The terms "first," "second," "third," "fourth," and the like in the description of the application and in the above figures, if any, are used for distinguishing between similar objects and not necessarily for describing a particular sequential or chronological order. It is to be understood that the data so used may be interchanged where appropriate such that the embodiments of the application described herein may be implemented in sequences other than those illustrated or otherwise described herein. Furthermore, the terms "comprises," "comprising," and "having," and any variations thereof, are intended to cover a non-exclusive inclusion, such that a process, method, system, article, or apparatus that comprises a list of steps or elements is not necessarily limited to those steps or elements expressly listed but may include other steps or elements not expressly listed or inherent to such process, method, article, or apparatus.
It should be understood that in the present application, "at least one (item)" means one or more, and "a plurality" means two or more. "and/or" for describing the association relationship of the association object, the representation may have three relationships, for example, "a and/or B" may represent: only a, only B and both a and B are present, wherein a, B may be singular or plural.

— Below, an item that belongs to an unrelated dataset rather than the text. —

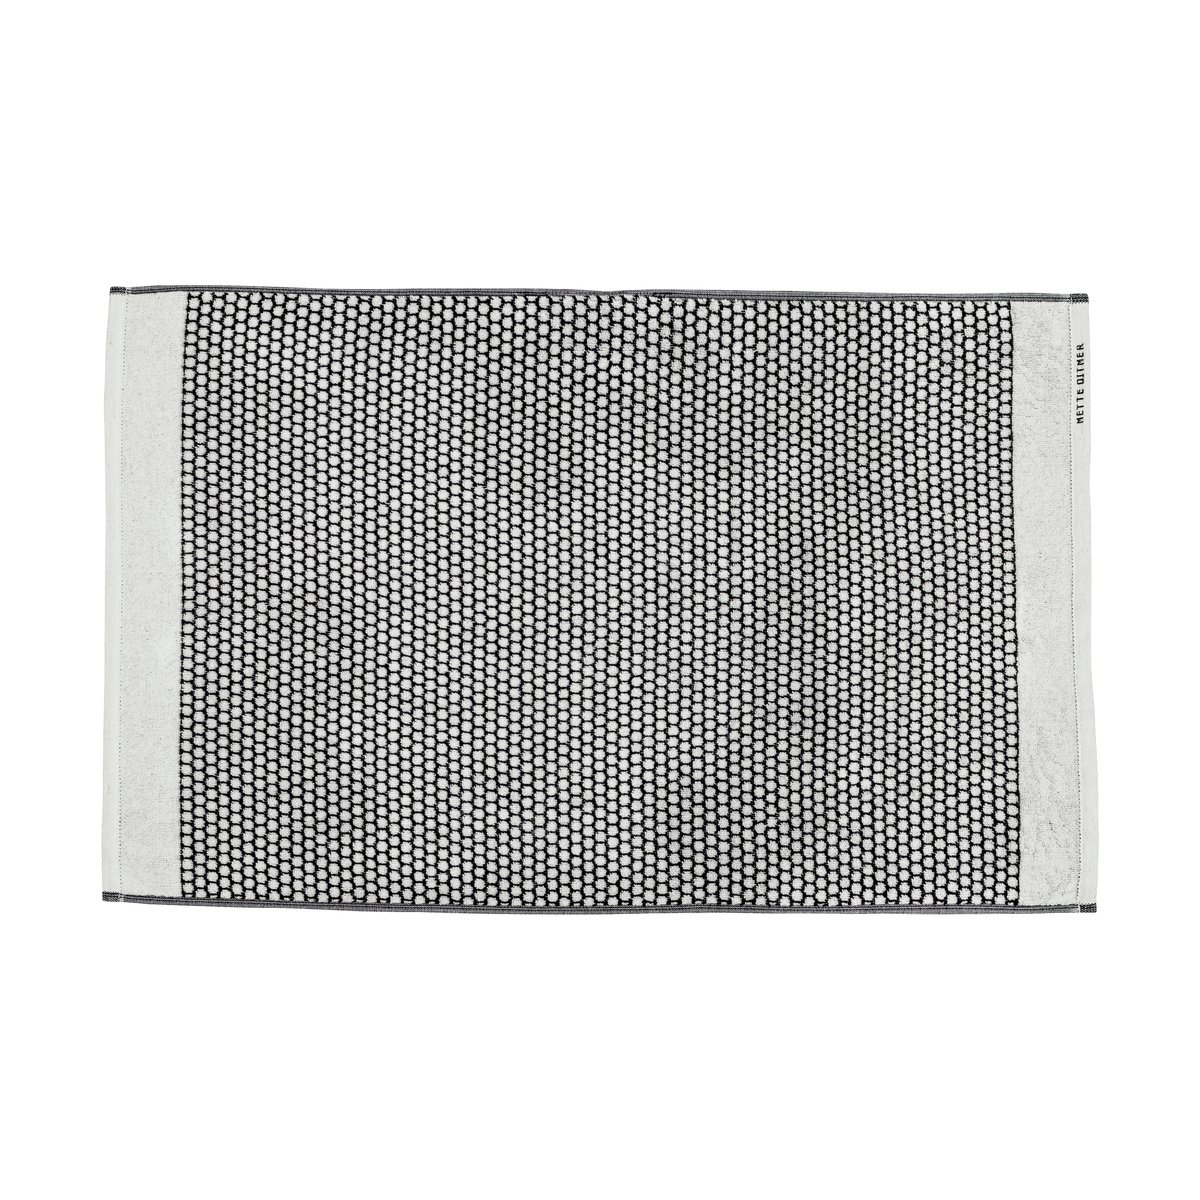 Mette Ditmer Grid kylpyhuonematto 50×80 cm Musta-off white

The character "/" generally indicates that the context-dependent object is an "or" relationship. "at least one of" or the like means any combination of these items, including any combination of single item(s) or plural items(s). For example, at least one (one) of a, b or c may represent: a, b, c, "a and b", "a and c", "b and c", or "a and b and c", wherein a, b, c may be single or plural.
In the several embodiments provided by the present application, it should be understood that the disclosed apparatus and method may be implemented in other manners. For example, the apparatus embodiments described above are merely illustrative, e.g., the division of elements is merely a logical functional division, and there may be additional divisions of actual implementation, e.g., multiple elements or components may be combined or integrated into another system, or some features may be omitted, or not performed. Alternatively, the coupling or direct coupling or communication connection shown or discussed with each other may be an indirect coupling or communication connection via some interfaces, devices or units, which may be in electrical, mechanical or other form.

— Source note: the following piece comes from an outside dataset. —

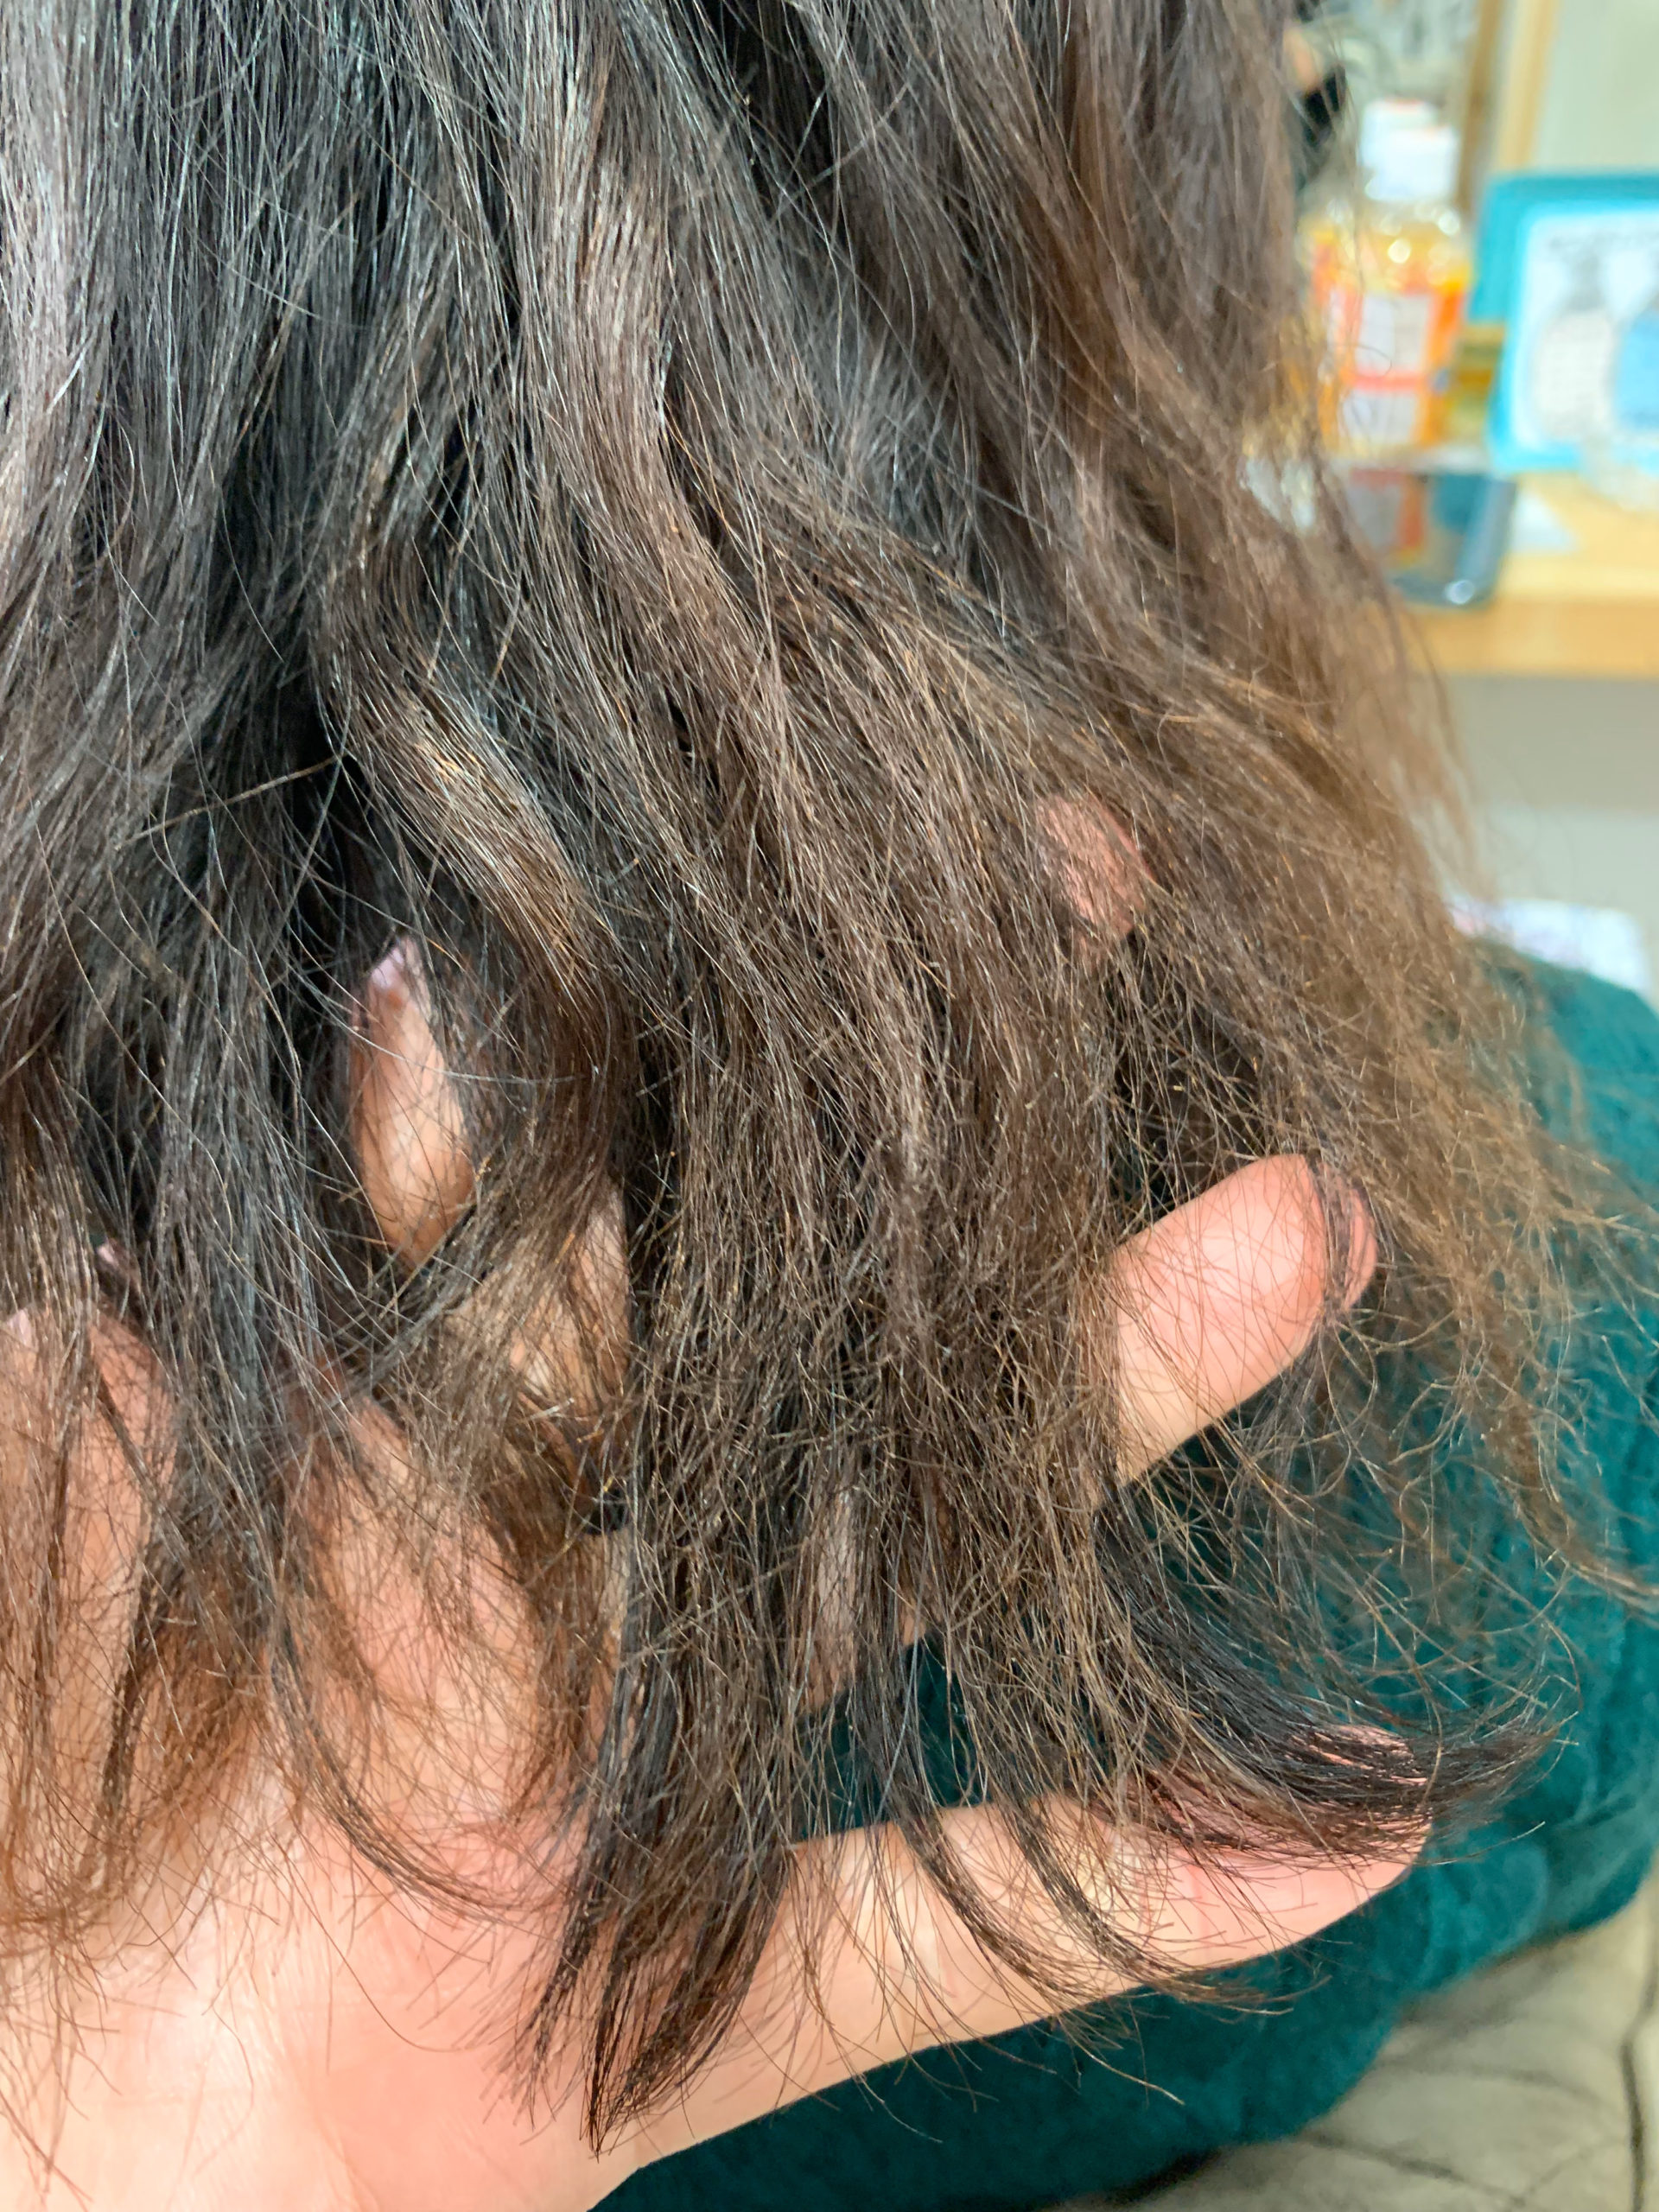 パーマの失敗で髪がチリチリになった【ビビリ矯正】で艶髪に変身。原宿・表参道『髪のお悩みを解決するヘアケア美容師の挑戦』

The units described as separate units may or may not be physically separate, and units shown as units may or may not be physical units, may be located in one place, or may be distributed over a plurality of network units. Some or all of the units may be selected according to actual needs to achieve the purpose of the solution of this embodiment.

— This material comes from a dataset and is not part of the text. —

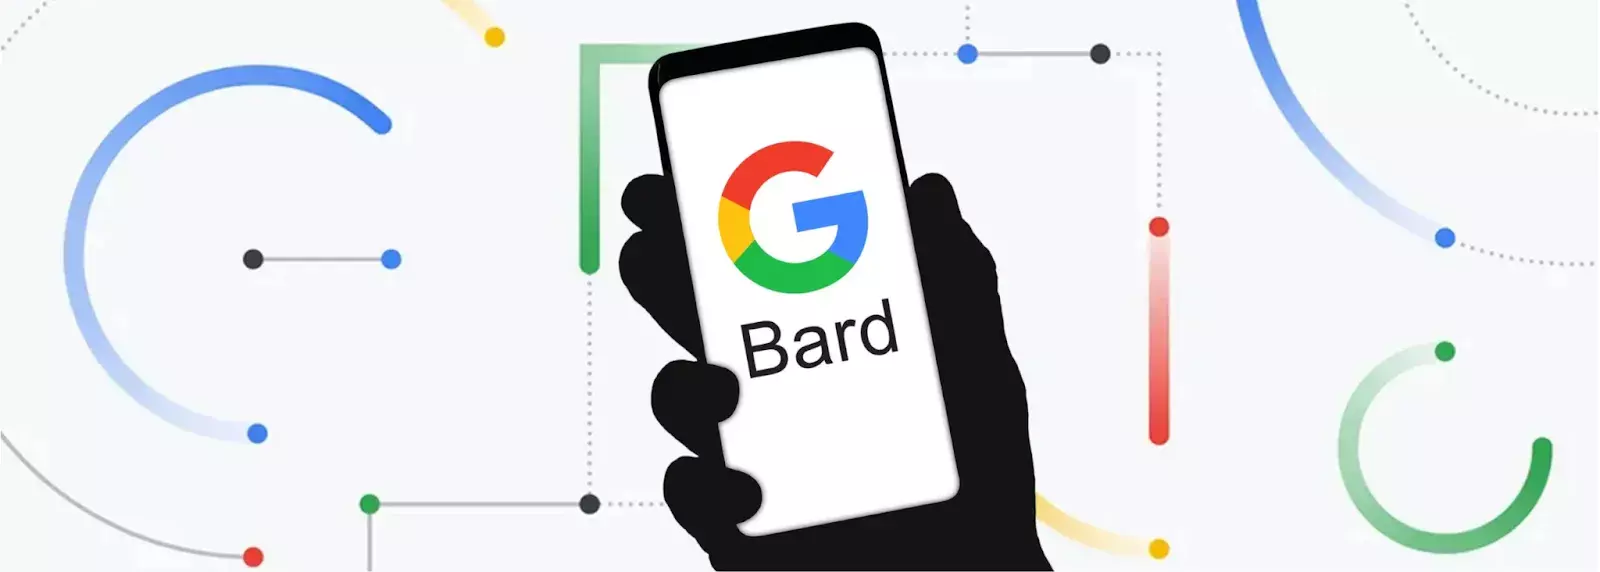 Ce este Google Bard Care sunt caracteristicile principale și în ce scop poate fi folosit

In addition, each functional unit in the embodiments of the present application may be integrated in one processing unit, or each unit may exist alone physically, or two or more units may be integrated in one unit. The integrated units may be implemented in hardware or in software functional units.
The integrated units, if implemented in the form of software functional units and sold or used as stand-alone products, may be stored in a computer readable storage medium. Based on such understanding, the technical solution of the present application may be embodied in essence or a part contributing to the prior art or all or part of the technical solution in the form of a software product stored in a storage medium, including multiple instructions for causing an electronic device (which may be a personal computer, a server, or a network device, etc.) to perform all or part of the steps of the methods of the embodiments of the present application. And the aforementioned storage medium includes: a U-disk, a removable hard disk, a Read-Only Memory (ROM), a random access Memory (Random Access Memory, RAM), a magnetic disk, an optical disk, or other various media capable of storing a program. The embodiments of the present application have been described in detail with reference to the accompanying drawings, but the present application is not limited to the above embodiments, and various changes can be made within the knowledge of one of ordinary skill in the art without departing from the spirit of the present application.

Claims (10)

1. The real-time monitoring method for the nonlinear structure is characterized by comprising the following steps of:
collecting partial acceleration response generated by the nonlinear structure under the external excitation action in real time;
simulating the structural parameters of the nonlinear structure and the external excitation into a random walk model, and constructing an augmented state vector consisting of a structural parameter vector, the external excitation and a state vector of the nonlinear structure according to the random walk model;
and estimating the structural state, structural parameters and the external excitation of the nonlinear structure in real time by adopting unscented Kalman filtering according to the partial acceleration response and the augmented state vector.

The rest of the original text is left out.